[Problem description] Your copy should contain exactly the lines from the one that holds "調停者精神いわゆるkameyama candle(カメヤマキャンドル) ネオブラッシュコーン" through the end of the material, reproduced as written, with no pictures.

[Data shown]
● ● ● ●
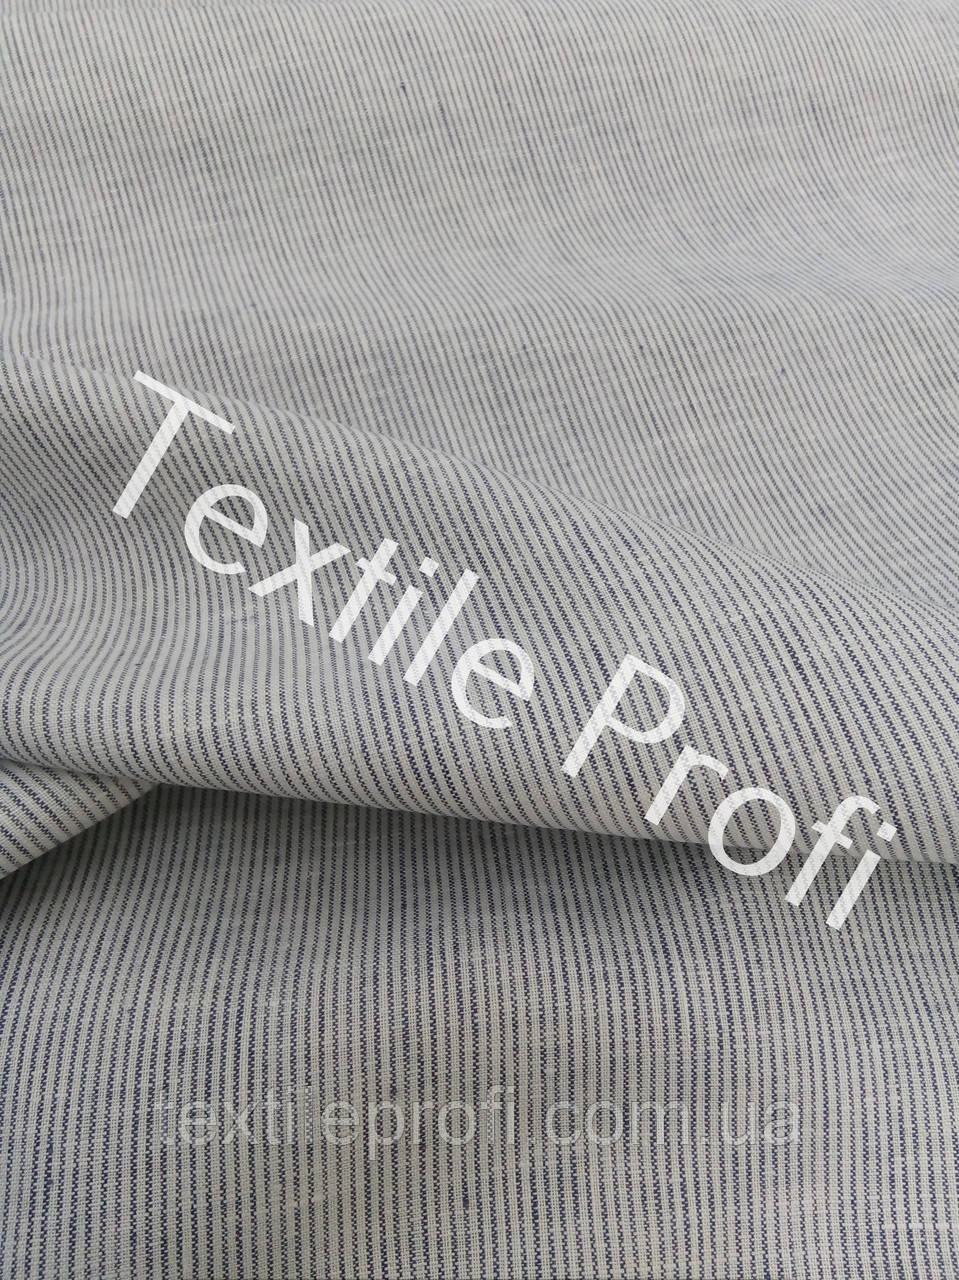 Льняная сорочечная ткань в мелкую полоску - Лён на любой фасон от ТЕКСТИЛЬ ПРОФИ Pro. в Одессе
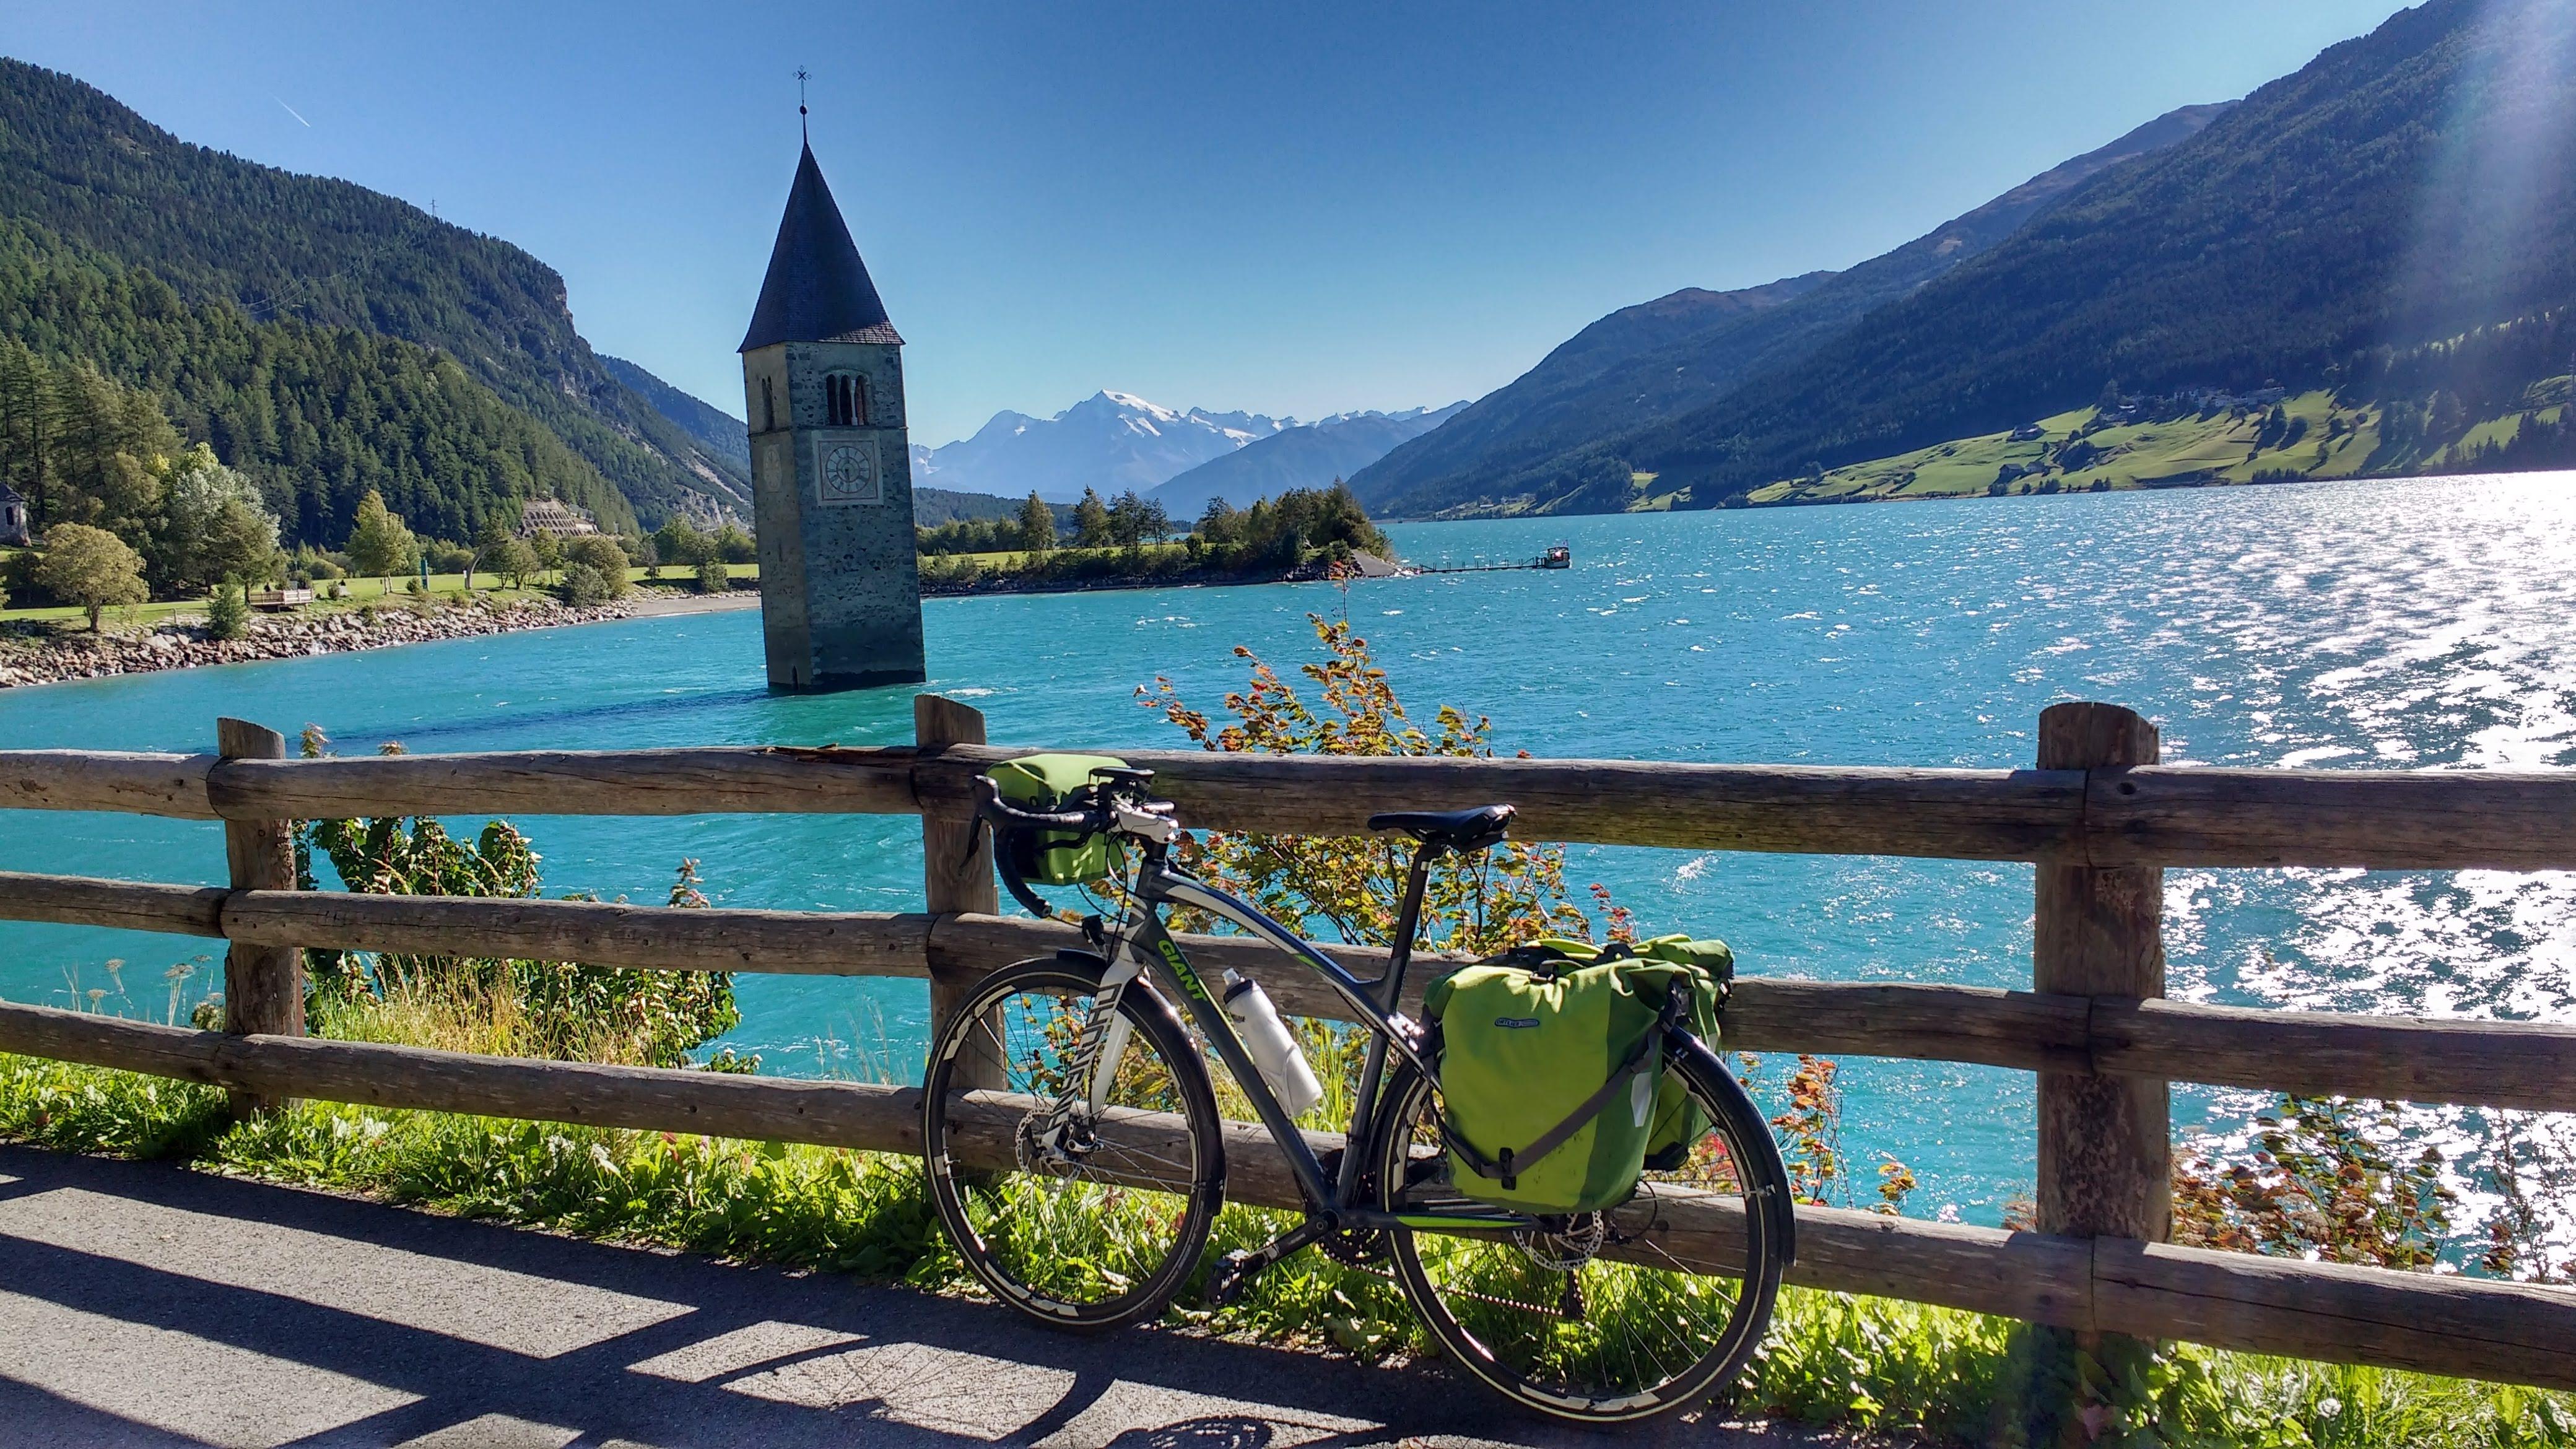 Fahrrad vor dem Reschensee mit dem Kirchturm im See
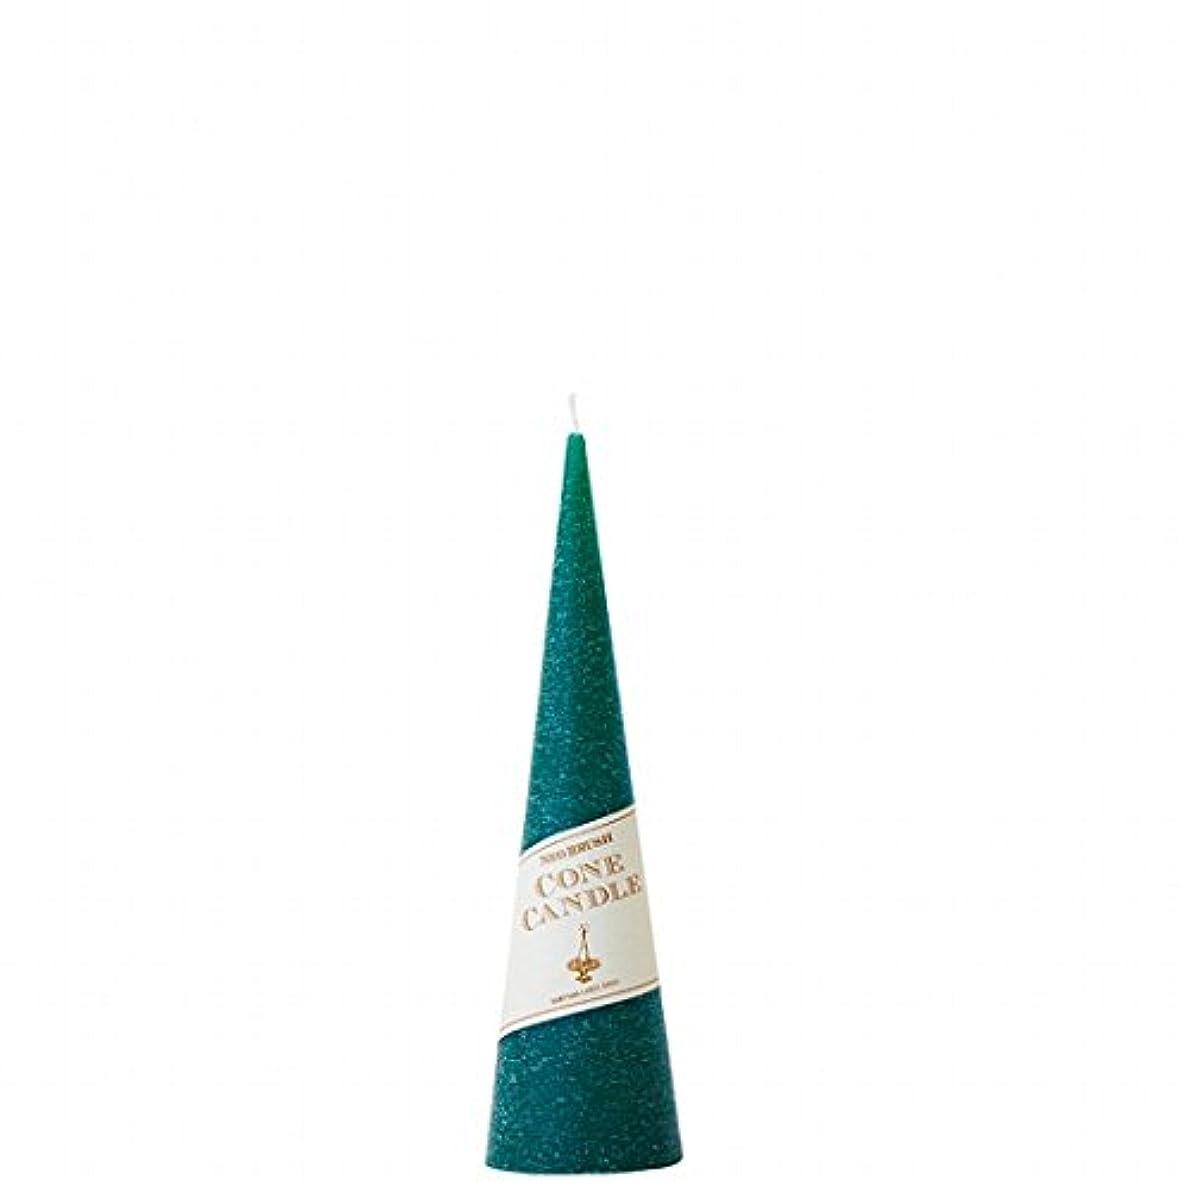 調停者精神いわゆるkameyama candle(カメヤマキャンドル) ネオブラッシュコーン 180 キャンドル 「 グリーン 」(A9750010G)
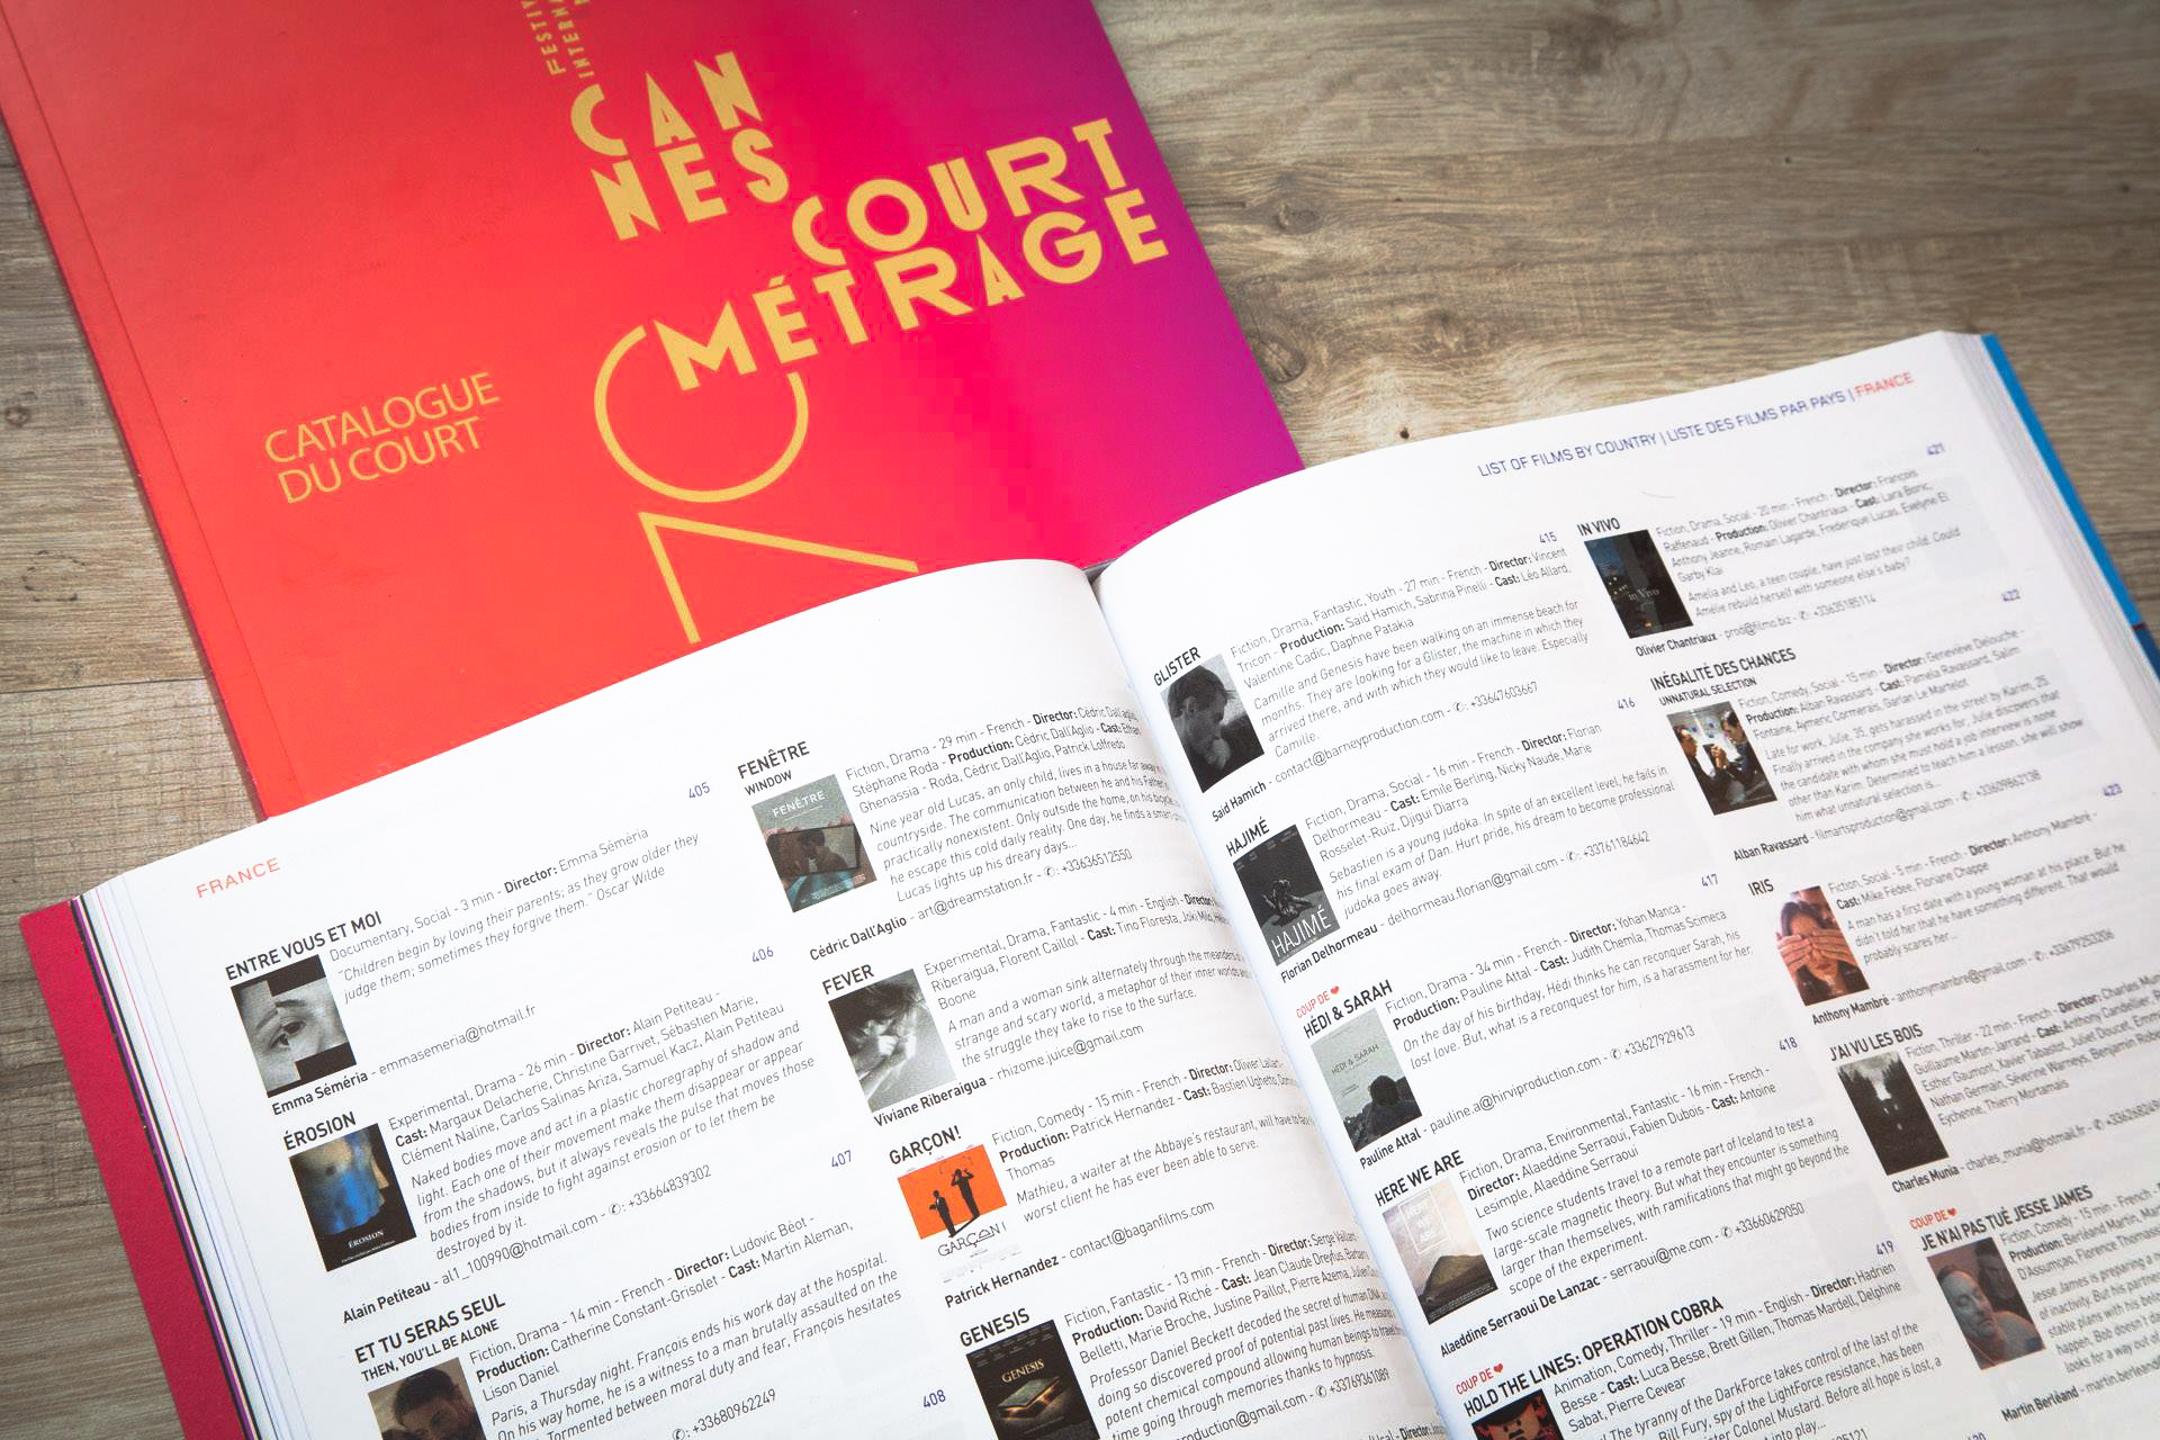 Catalogue du Film court Short Film Corner 2017 Festival de Cannes – Riberaigua Viviane réalisateur
● ● ● ●
[Completed task]
 調停者精神いわゆるkameyama candle(カメヤマキャンドル) ネオブラッシュコーン 180 キャンドル 「 グリーン 」(A9750010G)
 Catalogue du Film court Short Film Corner 2017 Festival de Cannes – Riberaigua Viviane réalisateur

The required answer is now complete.